The Board affirmed in part, vacated in part, and remanded the decision to the WCJ. It affirmed the finding of the WCJ that Claimant’s Claim Petition was timely filed. The Board based this decision upon the tolling provision of Section 315, 77 P.S. § 602, due to payment by the Employer of Claimant’s psychiatric expenses until mid-1998, relying on Levine v. Workers’ Compensation Appeal Bd. (Newell Corp.) 760 A.2d 1209 (Pa.Cmwlth.2000), petition for allowance of appeal granted and remanded, 568 Pa. 594, 798 A.2d 1273 (2002). However, it vacated the award of attorney’s fees and remanded the *418matter to the WCJ to render findings regarding the reasonableness of Employer’s contest.

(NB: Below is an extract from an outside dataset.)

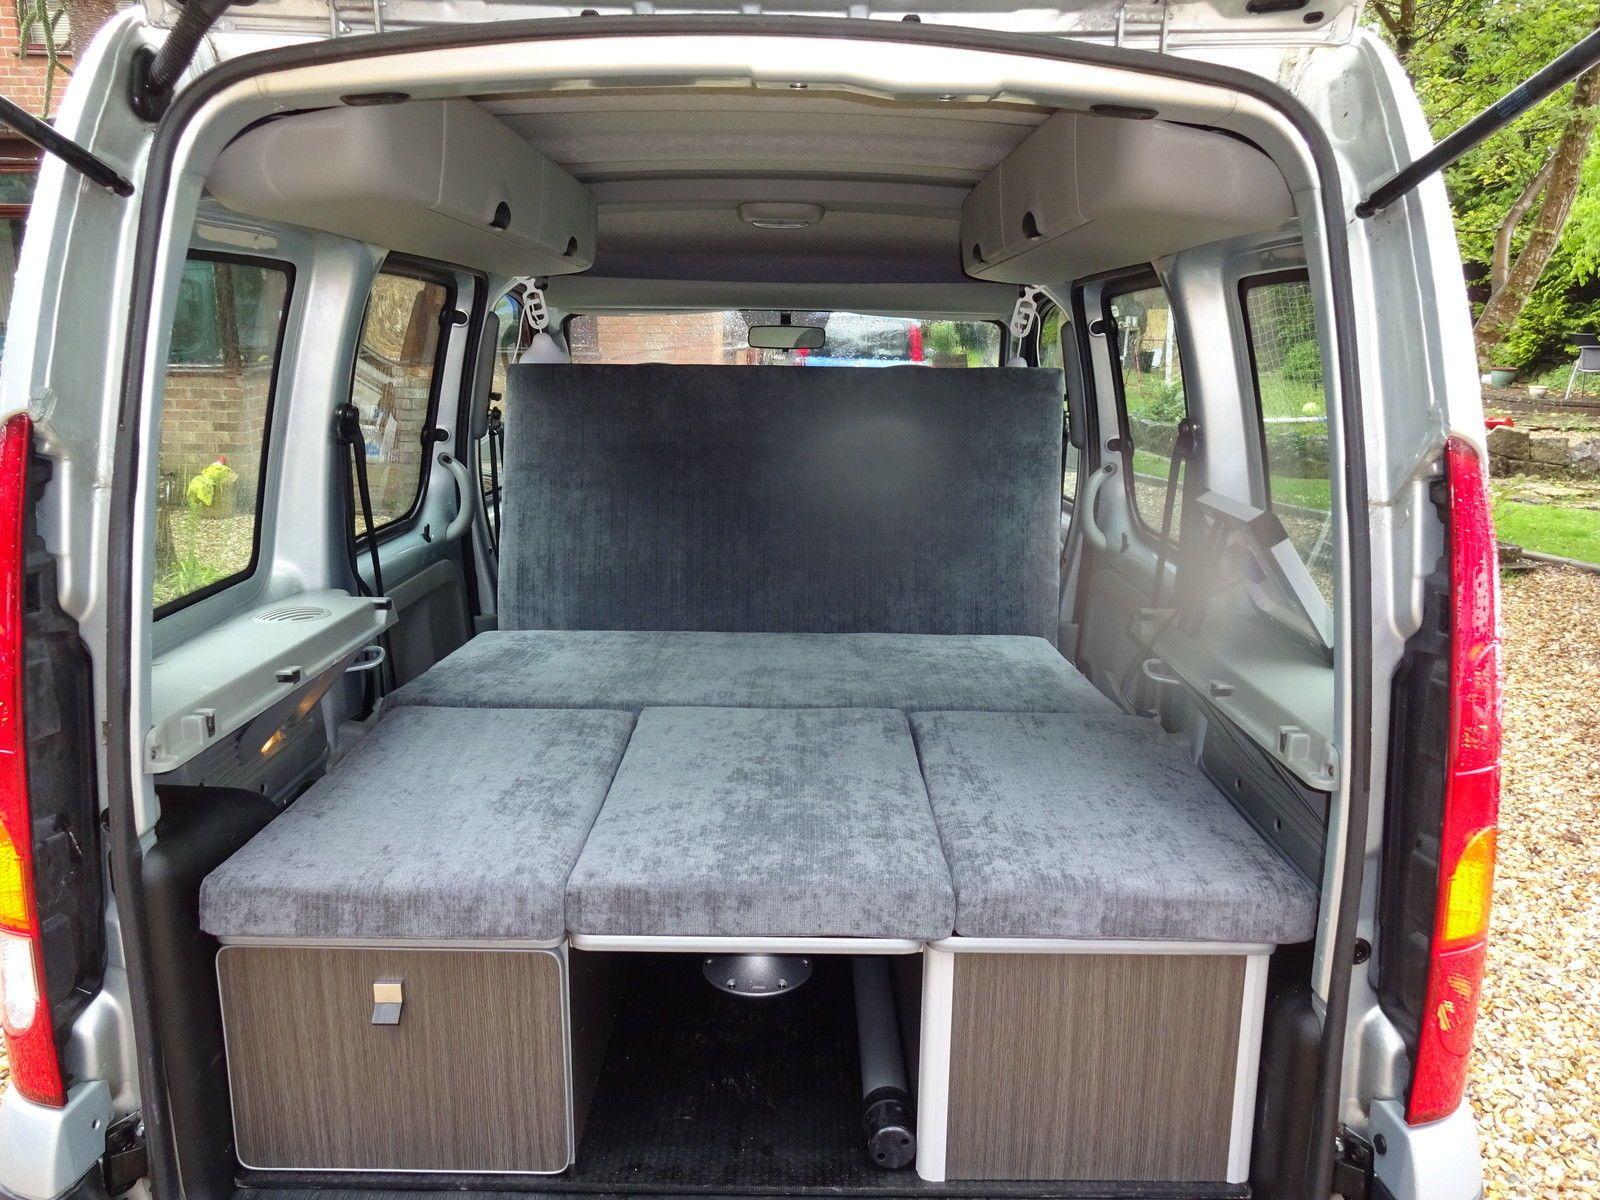 171 best RV images on Pinterest   Caravan, Van camping and Vans
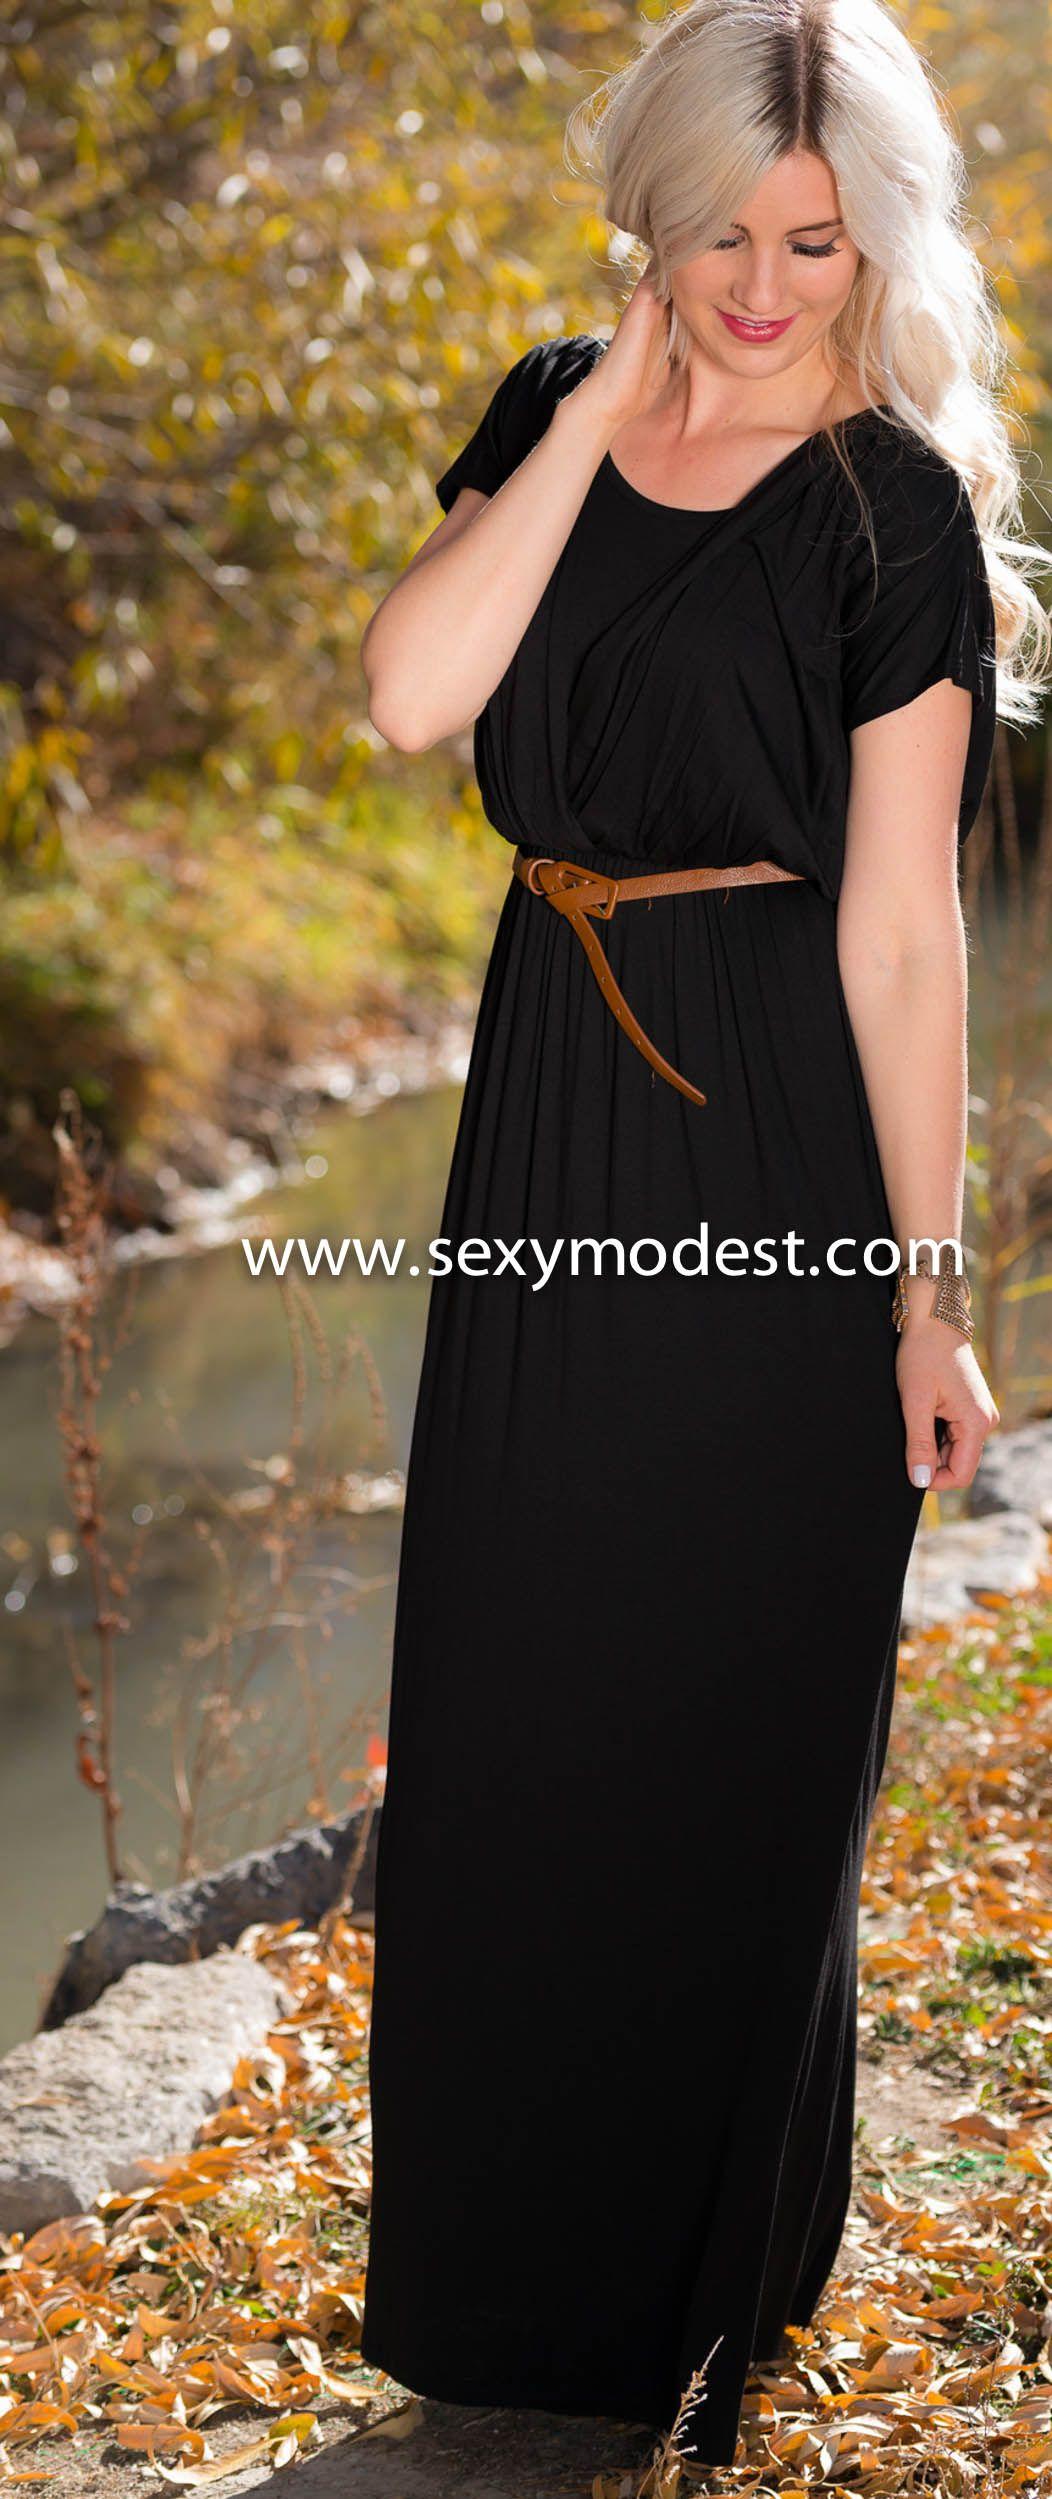 www.sexymodest.com  #fall #dress #black #fashion #fashionblog #design #love #nordstrom #pretty #beautiful  Follow us on Instagram @modestshoppin

On remand, the WCJ held one hearing at which time counsel for Claimant testified and offered a statement of counsel fees. The WCJ reviewed the charges individually and, by decision dated July 31, 2001, the WCJ again awarded attorney’s fees based upon an unreasonable contest. The WCJ noted that a report dated October 29,1990, from Anne S. Valko, M.D., who examined Claimant on his behalf, indicated that Claimant was receiving psychiatric care from Dr. Lisowitz, and that such treatment should be continued. This led the WCJ to conclude that Employer’s contest was unreasonable because Employer terminated payment of Claimant’s psychiatric treatment without receiving a medical opinion supporting denial of payment. Pursuant to the terms of the commutation, the parties stipulated that Employer would “remain responsible for payment of reasonable and necessary medical expenses related to Claimant’s work injuries.... ”

The Board, in an Order dated August 15, 2002, affirmed that portion of the WCJ’s decision granting the Claim Petition, but reversed that portion of the decision awarding attorney’s fees. The Board agreed with Employer that its contest was reasonable as there was a definite statute of limitations issue raised in response to the filing of Claimant’s Claim Petition.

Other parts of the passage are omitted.